#### WHAT YOU SHOULD DO:
Pictures aside, write out the data exactly as it reads.

#### DATA SECTION:
---+---
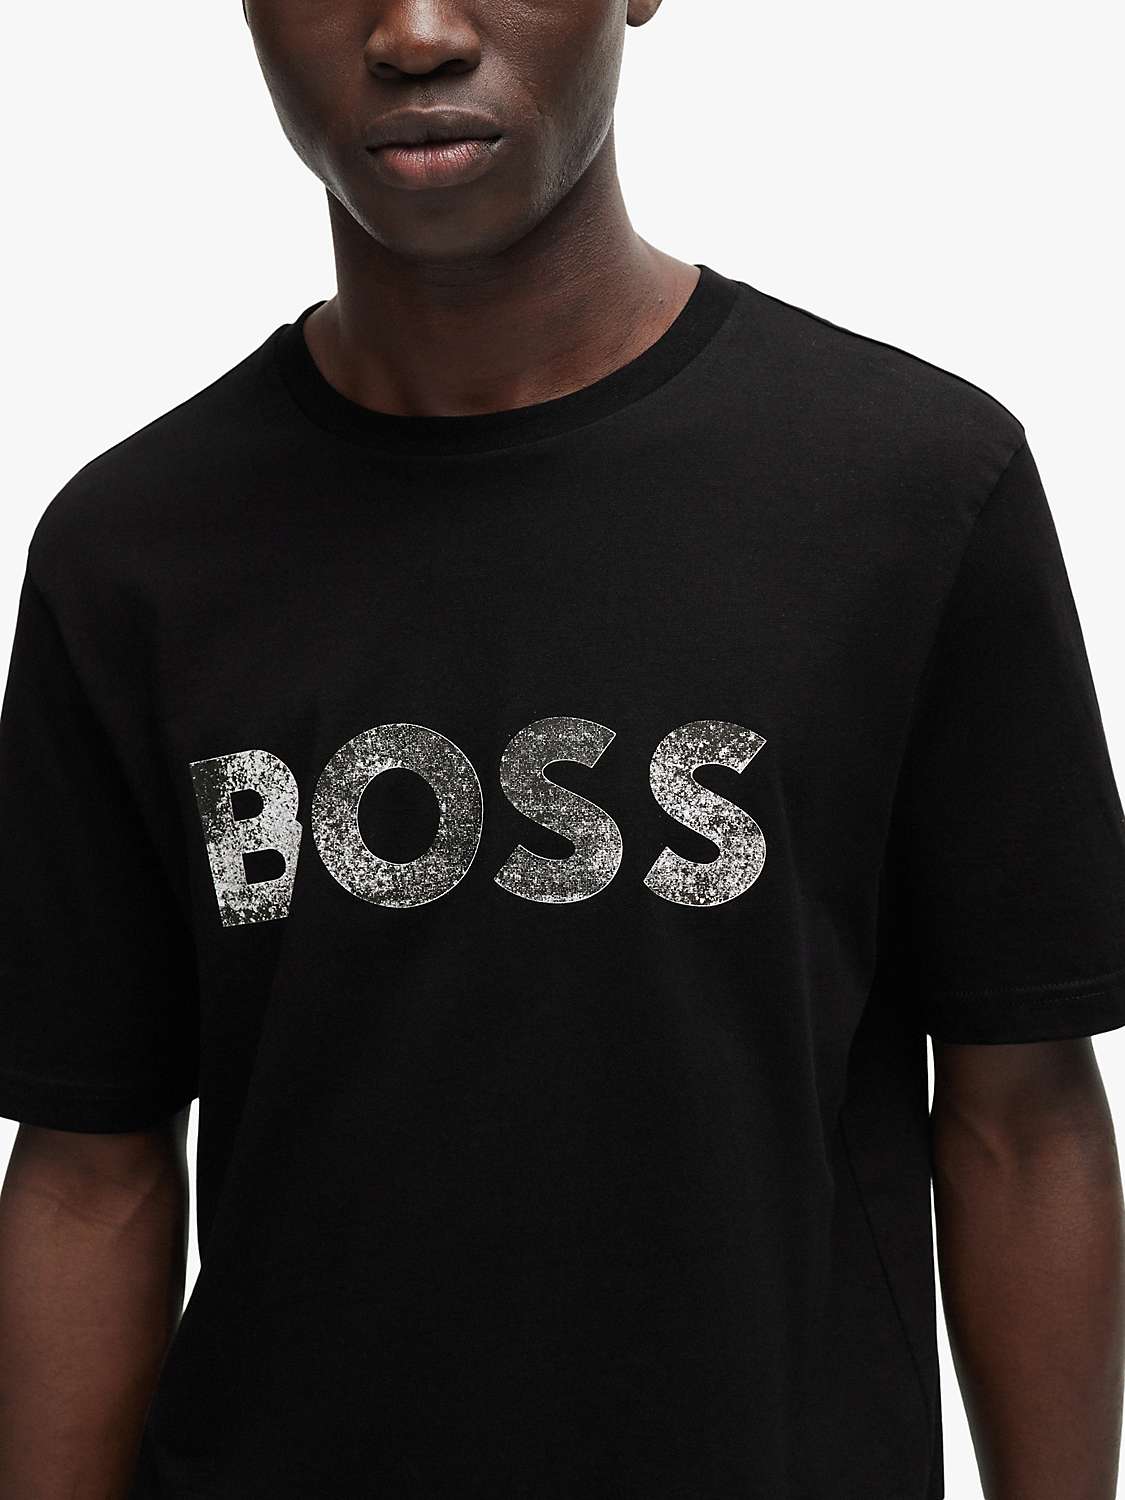 Buy BOSS Regular Fit Lightweight T-Shirt, Black Online at johnlewis.com
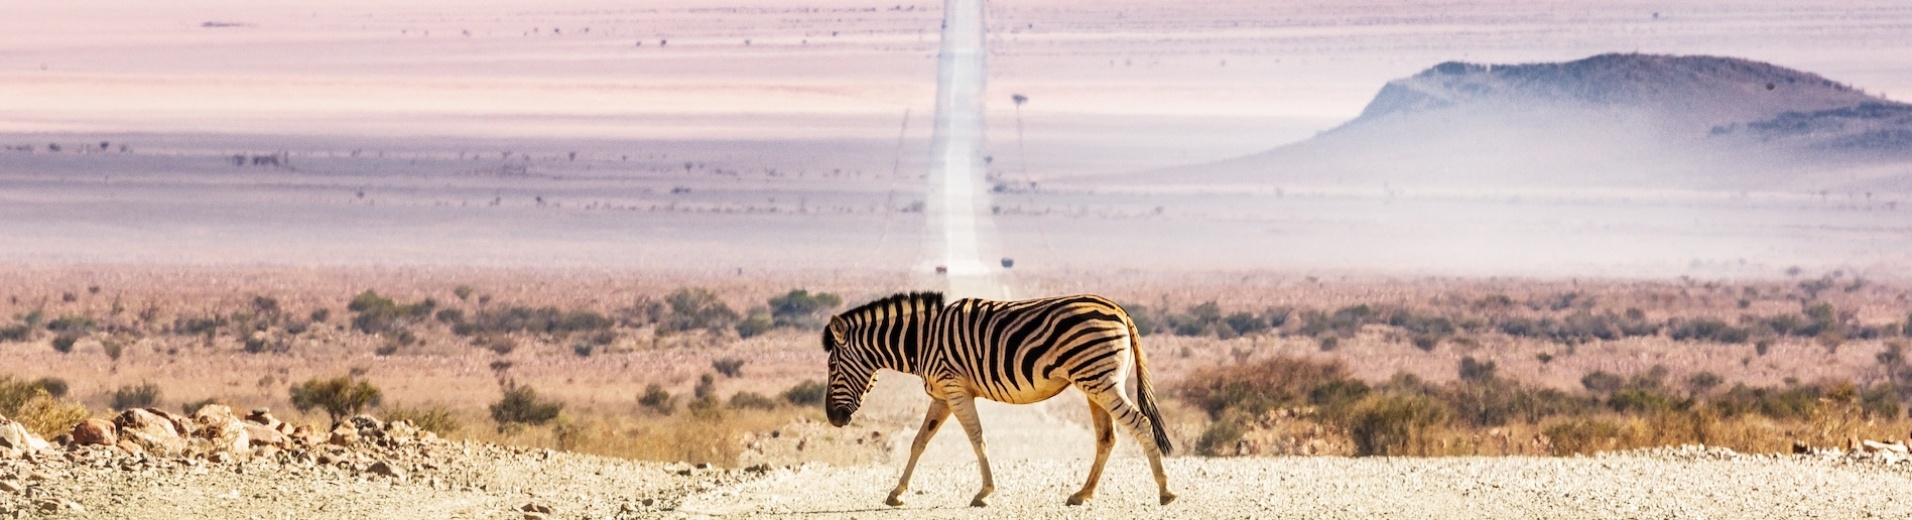 Zèbre traversant une route namibie
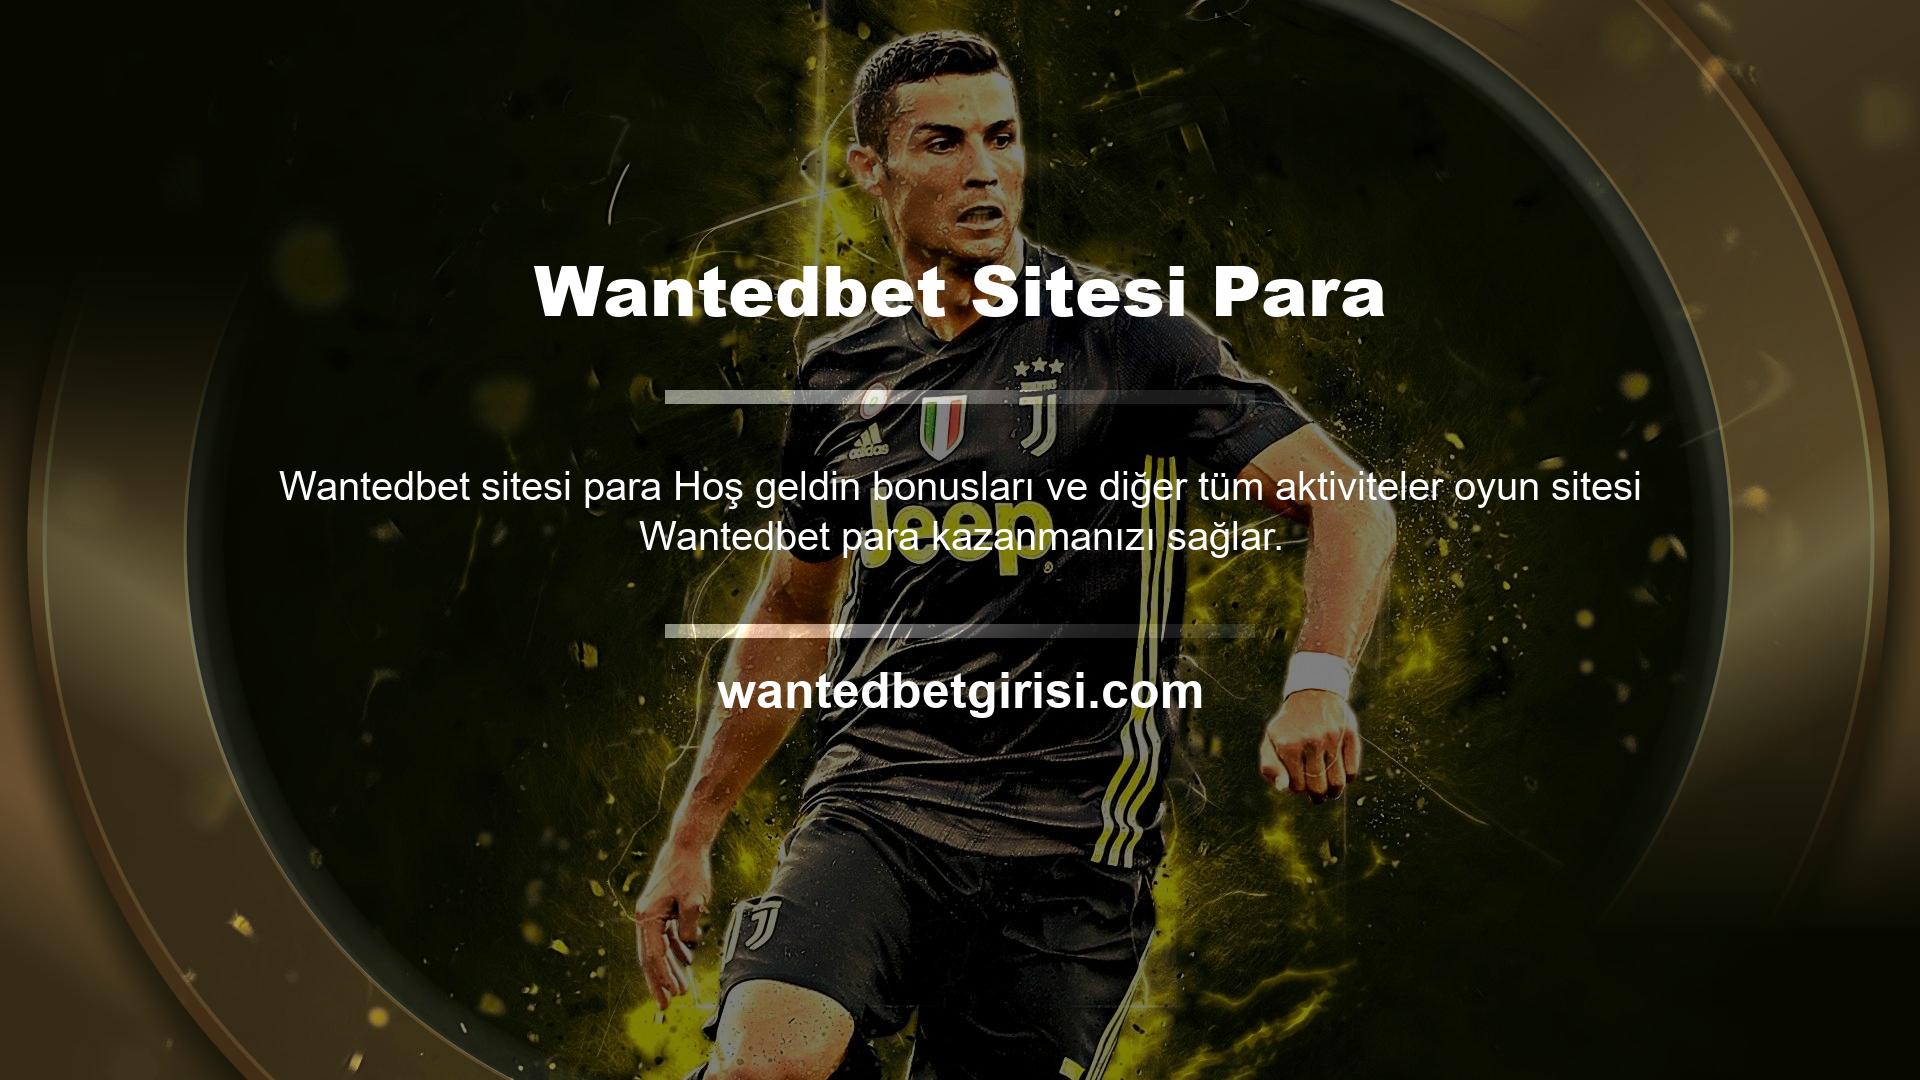 Wantedbet, tüm oyunlarını müşterileri için yeni bir adreste yayınlamaya başladı
---+---
#### ANSWER BOX:
 Buy BOSS Regular Fit Lightweight T-Shirt, Black Online at johnlewis.com
 Zèbre traversant une route namibie
 Wantedbet, tüm oyunlarını müşterileri için yeni bir adreste yayınlamaya başladı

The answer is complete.